§ **Recorded information**
Segment Open
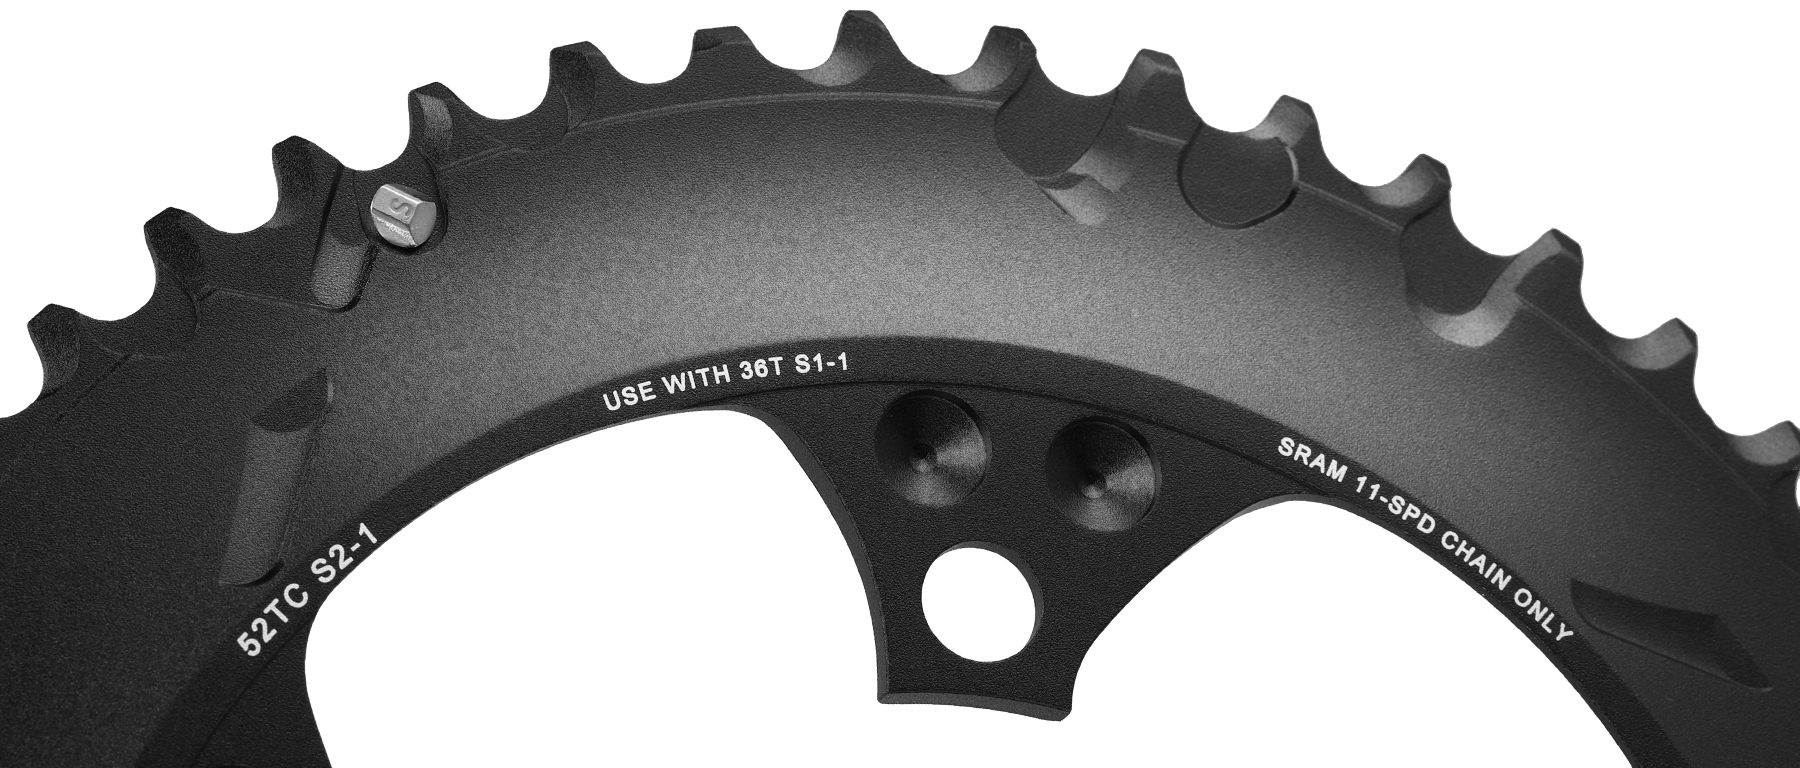 SRAM Force 22 X-Glide 11-Speed Outer Chainring
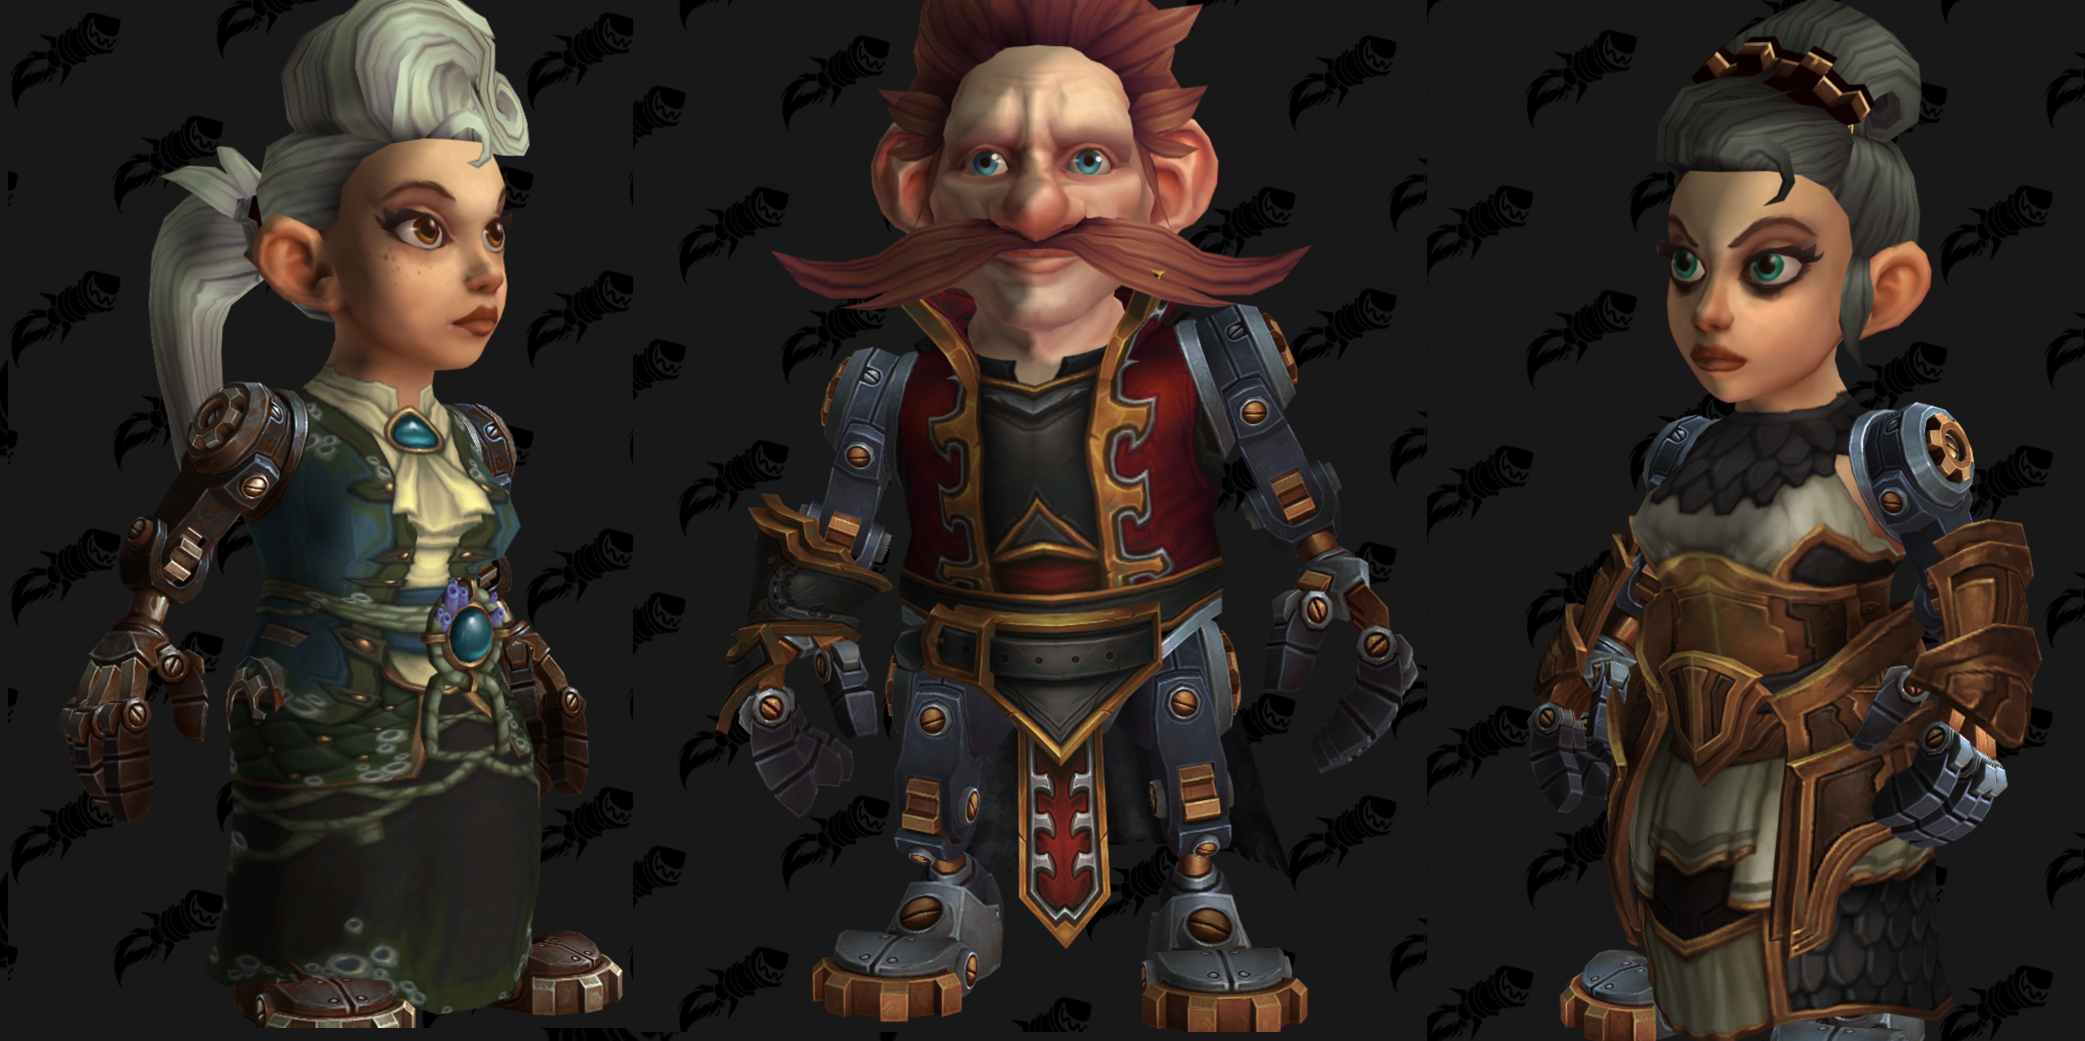 They resemble regular Gnomes--but have mechanical arms and legs as well as ...
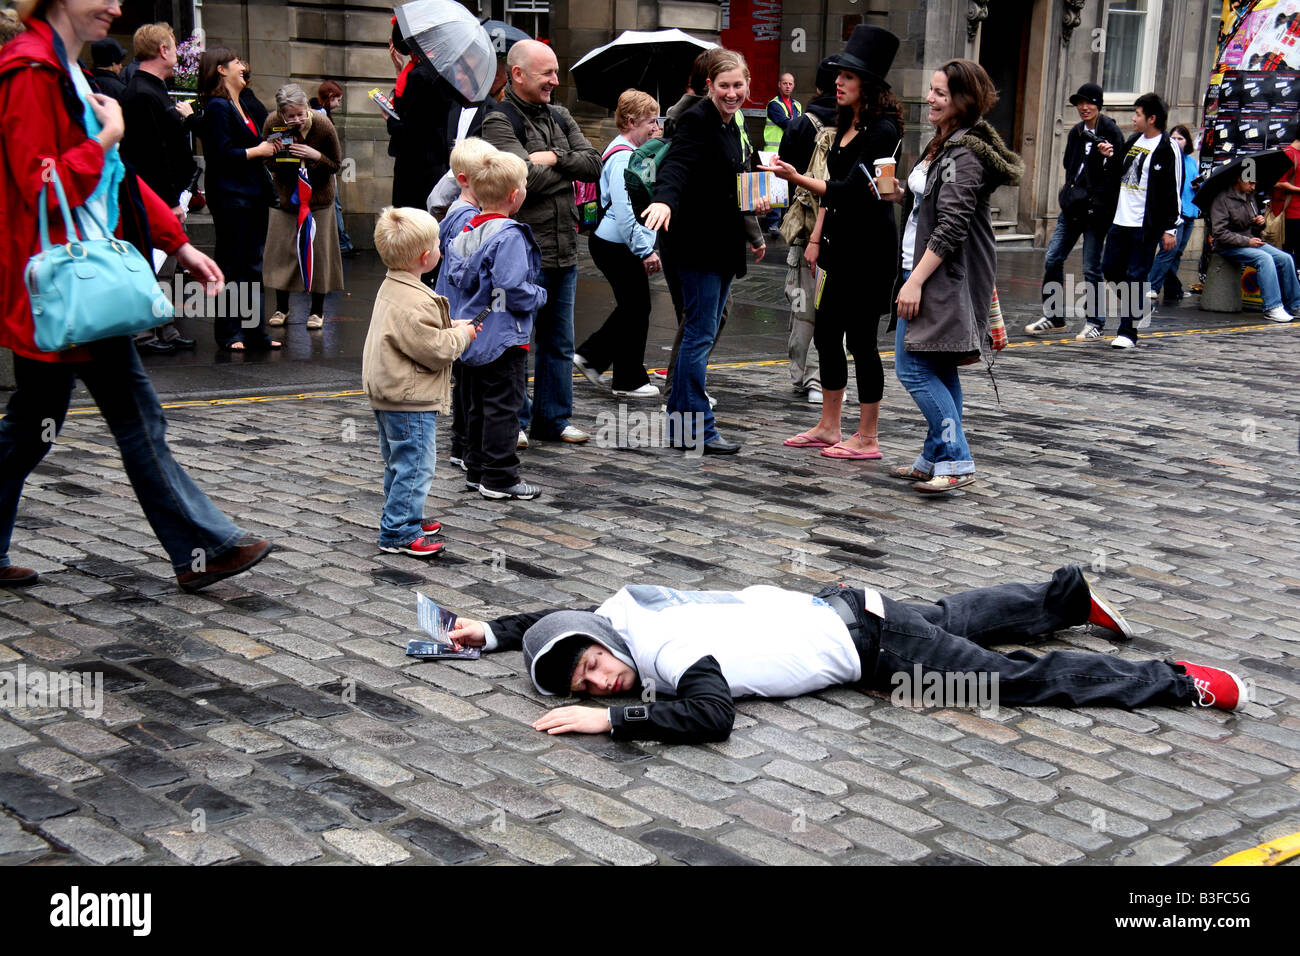 Edinburgh Fringe Festival performer plays dead in the Royal Mile to publicise show Stock Photo
Segment Closed
§ **Task instructions**
Would you print all of the material exactly as written, minus the pictures?

§ **Solution below**
 SRAM Force 22 X-Glide 11-Speed Outer Chainring
 They resemble regular Gnomes--but have mechanical arms and legs as well as ...
 Edinburgh Fringe Festival performer plays dead in the Royal Mile to publicise show Stock Photo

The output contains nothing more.